Rafael Ferreira, de Vacaria, mesmo com pouca idade desponta como um talento na música nativista como letrista. Ele tem 24 anos, mas já participou de vários festivais no Sul do Brasil. Na Sapecada da Serra Catarinense, ele conquistou espaço para duas de suas letras. “Quando meu canto passar” e “Saudades Amontoadas”. A segunda, em parceria com Ramiro Amorim.
O letrista, que escreve desde 2007, mudou-se para Lages para cursar Medicina Veterinária no Centro Universitário Facvest. Desde então, em contato com os músicos da Serra, tem participado da Sapecada. Mesmo não tendo nascido no campo, ele conta que tem grande amor pelas coisas da terra. Além das duas composições na Sapecada, ele tem outra participando da Sapecada da Canção Nativa, intitulada “Suja Campo”, uma chamarra feita em parceria com Felipe Corso, um amigo de Vacaria.

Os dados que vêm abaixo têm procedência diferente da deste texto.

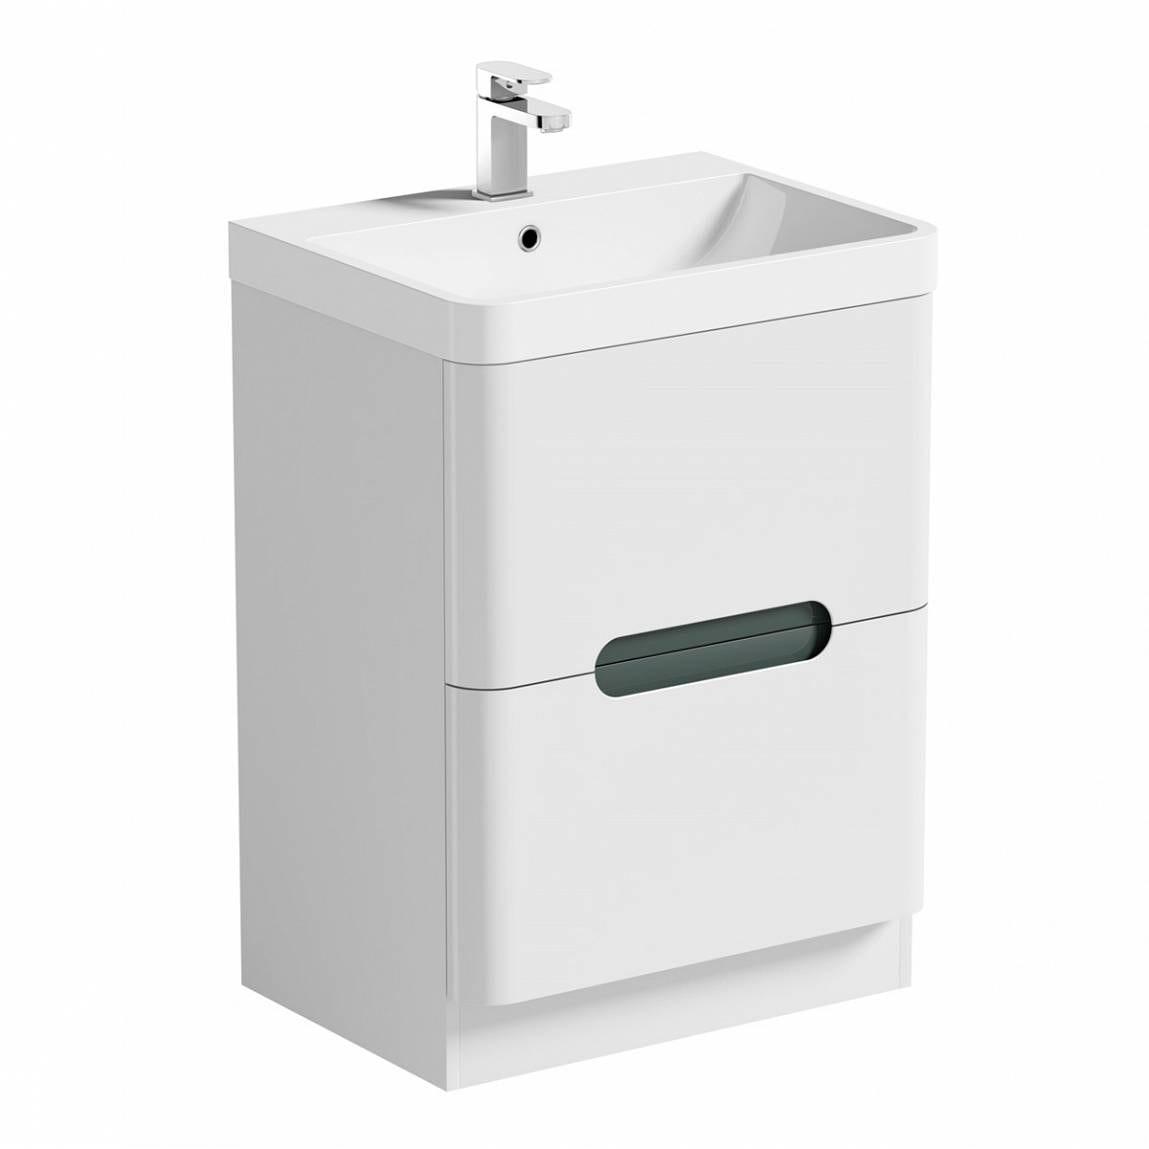 Mode Ellis slate vanity drawer unit and basin 600mm
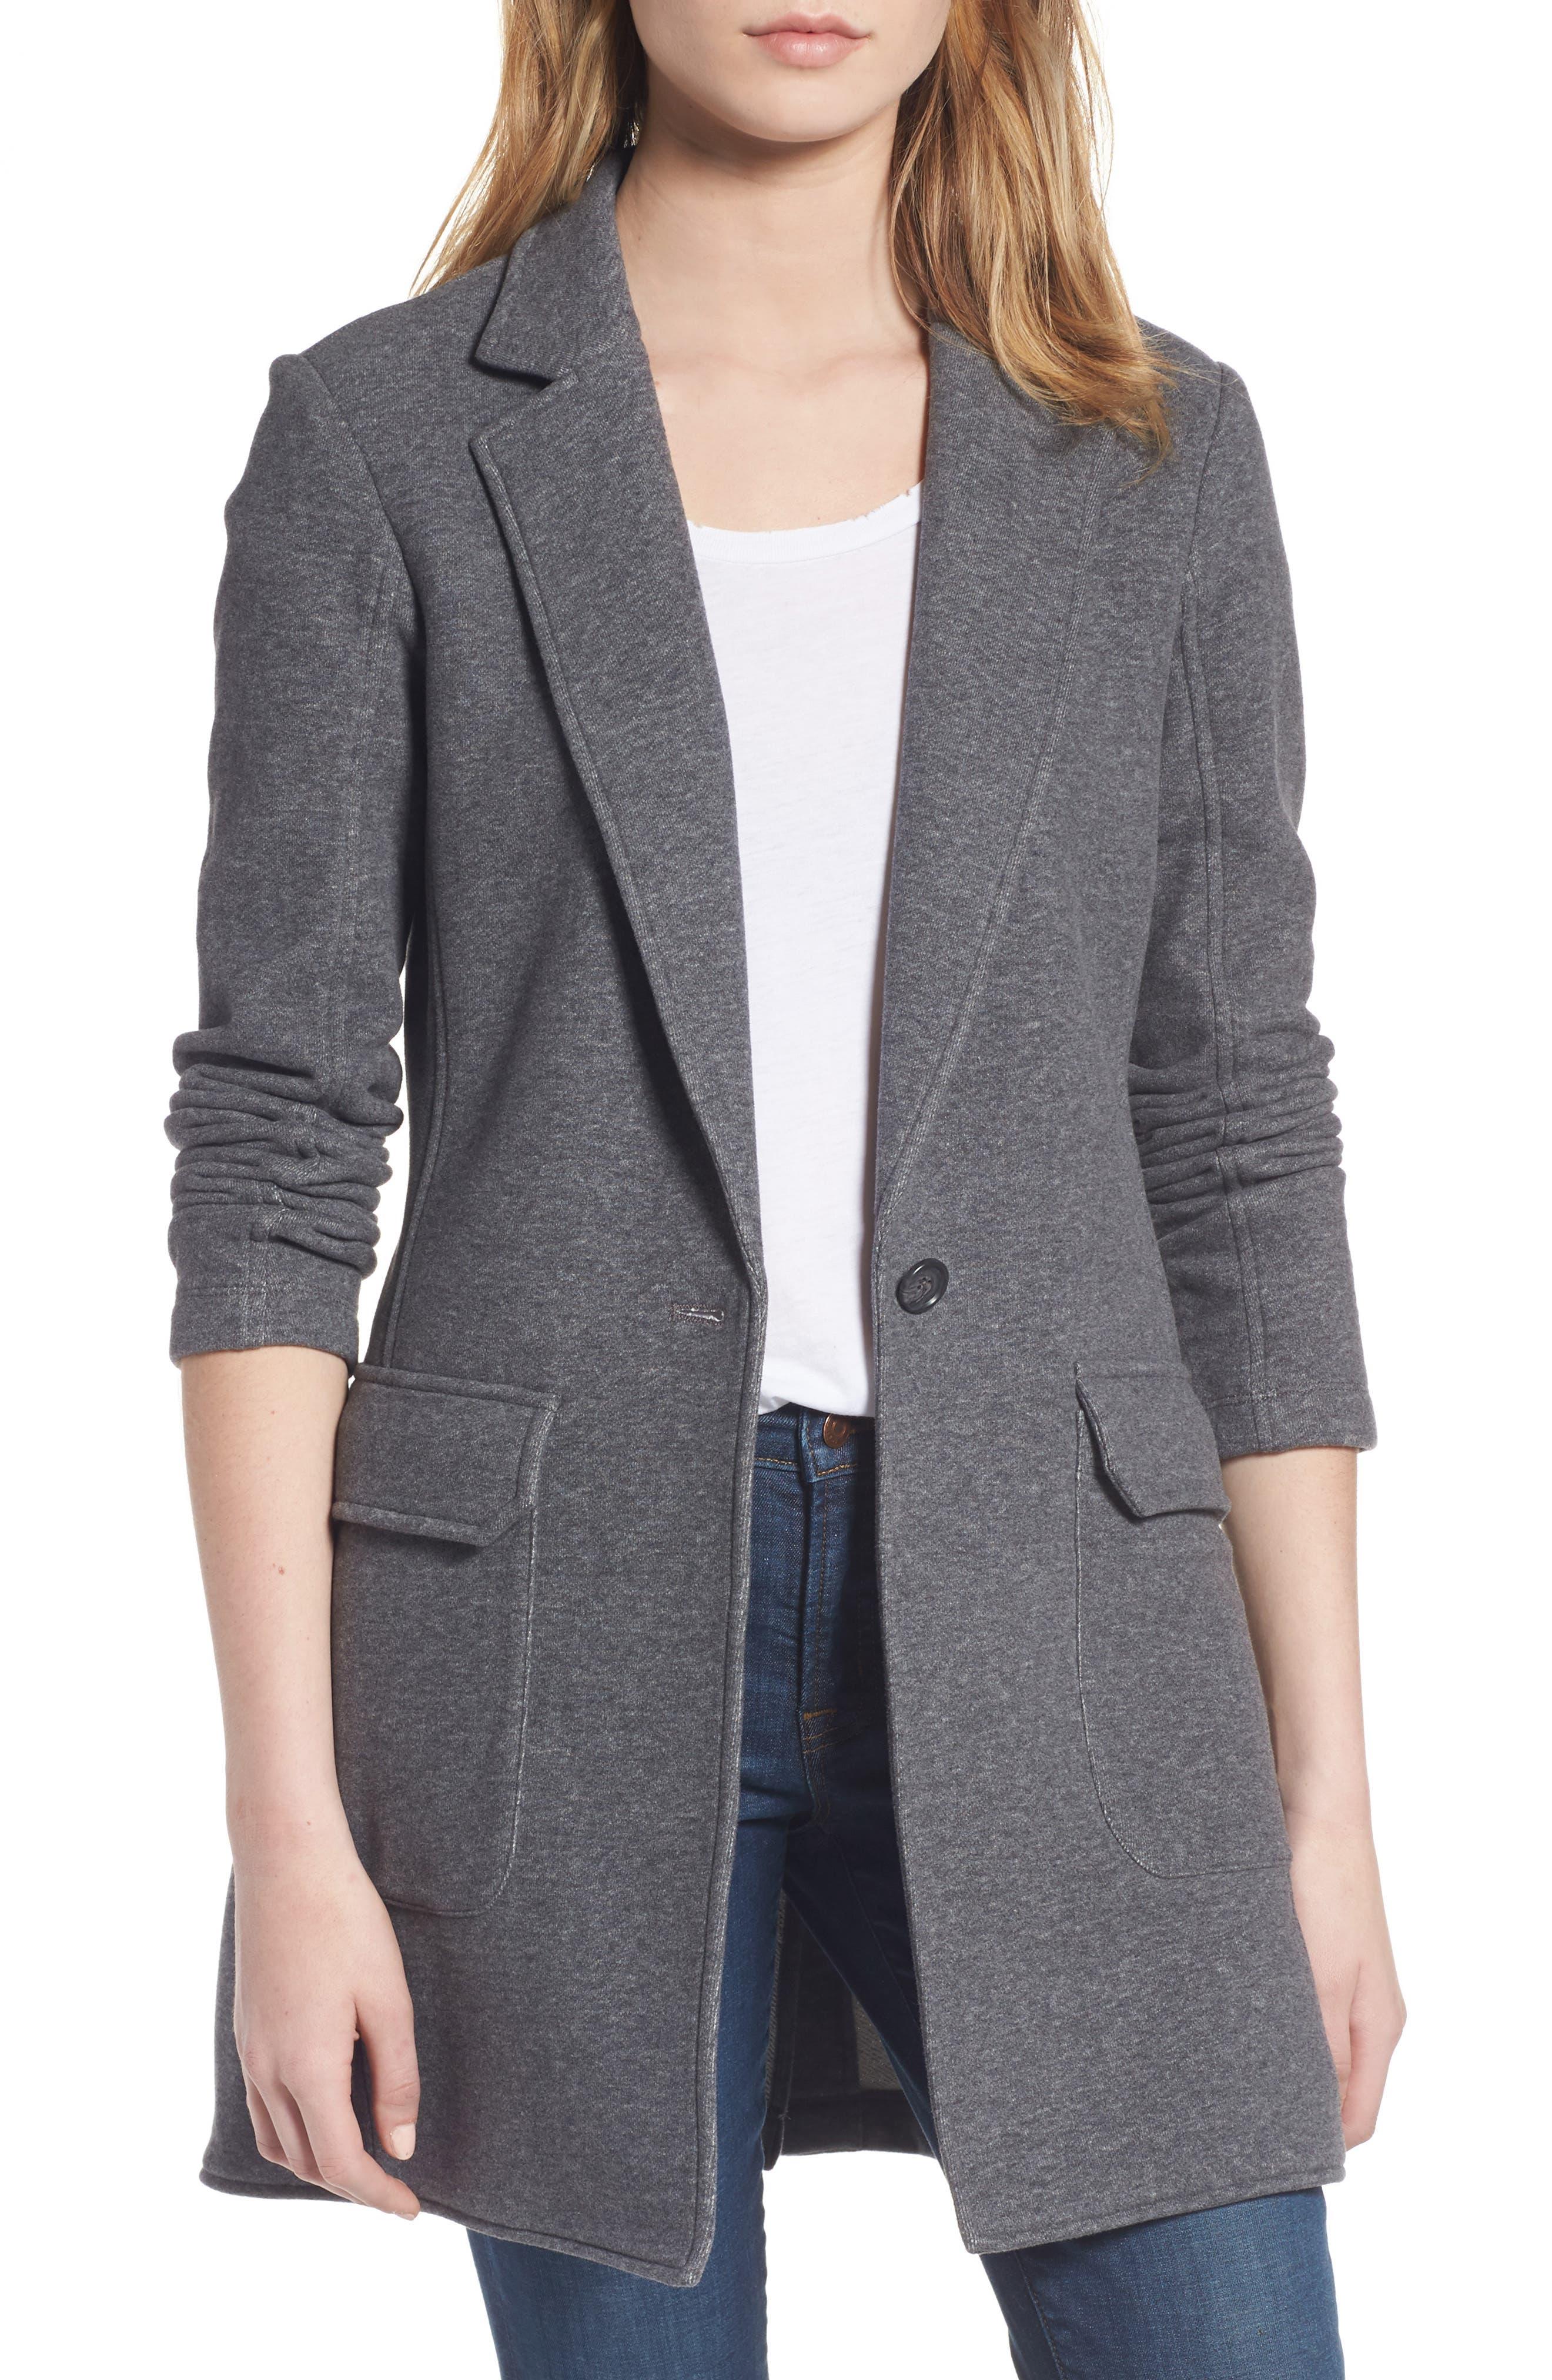 James Perse Brushed Fleece Long Jacket

“Essa letra não é para mim. Fiz pensando em quem canta. Fiz como se fosse o olhar do intérprete. Me coloquei no lugar do cantor. É sobre a importância de quem canta. Quem canta vive se cobrando que ninguém dá valor”, conta ele, que afirma a letra é um recado para os ouvidos, pedindo para que as pessoas realmente ouçam a música, que fechem os olhos e sintam o que a letra quer dizer. Rafael não é músico. Mas ele afirma que os intérpretes não são reconhecidos como deveriam.
O primeiro festival que Rafael participou foi o Baqueria, de Vacaria, e então não parou mais. Ele já venceu alguns, entre eles a Ronda da Canção Nativa, que acontece durante a Expolages, em duas ocasiões. Suas letras normalmente são premiadas como a melhor poesia dos festivais. Ele conta que já venceu mais de 30 vezes. Entre os prêmios que mais considera importantes, está o de melhor poesia na Vigília da Canção.
Quando meu canto passar
Medi...
Medi forças no cantar por pelincho me desdobro
Sem menos ruflar as penas das penas que assim me cobram
Cantei...
Mas cantei de peito aberto acalantos de índio vago
Enquanto na minha volta a noite bebia um trago...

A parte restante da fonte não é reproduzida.